- Theatrical release poster
- Directed by: Tom Paton
- Written by: Tom Paton
- Produced by: Alan Latham; Philippe Martinez;
- Starring: Poppy Delevingne; Casper Van Dien; Jeff Fahey; Chad Michael Collins;
- Production companies: MSR Media; Highfield Grange Studios; Sherborne Media Capital;
- Distributed by: Redbox Entertainment
- Release date: March 22, 2022;
- Running time: 97 minutes
- Countries: United States; United Kingdom;
- Language: English

= Assailant (film) =

American film by Tom Paton

Assailant is a 2022 thriller film written and directed by Tom Paton.
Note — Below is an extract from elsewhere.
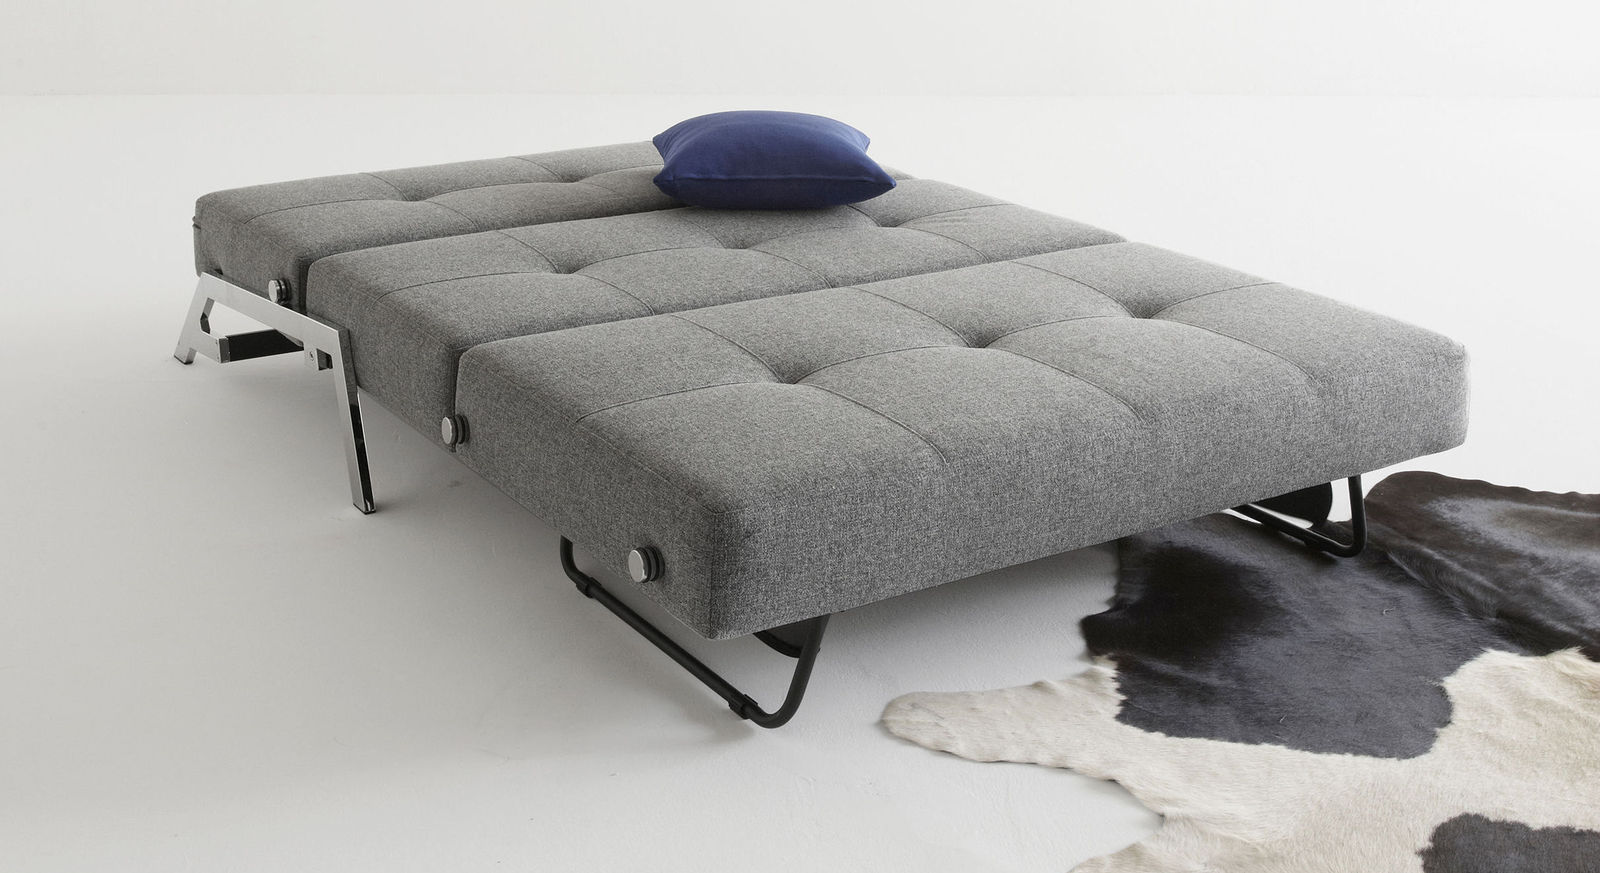 l ngsschl fer schlafsofas f r sie im test und vergleich 2018. Black Bedroom Furniture Sets. Home Design Ideas

It stars Poppy Delevingne, Chad Michael Collins, Casper Van Dien, and Jeff Fahey. The film was released by Redbox Entertainment on March 22, 2022.

==Premise==
A couple going through marriage counseling decides to head to the Caribbean on a "make or break" sailing holiday. When the husband gets into a local bar fight the night before a difficult trek over a coastal trail, the duo finds themselves relentlessly chased by the aggressor and forced to work together in order to survive.

==Production==
Principal photography for Assailant began on April 15, 2021, in Saint Kitts and Nevis. On May 7, the project was officially announced, when it was reported that Poppy Delevingne, Chad Michael Collins, Casper Van Dien, and Jeff Fahey would star. Filming was scheduled to conclude on May 16, 2021. Following One Year Off, the feature is the second of six films to be shot in Saint Kitts and Nevis under a deal between the production company MSR Media and the Nevis Island Administration. In July 2021, a first-look clip was released. In November 2021, Redbox Entertainment acquired the U.S. distribution rights to the film for a 2022 release.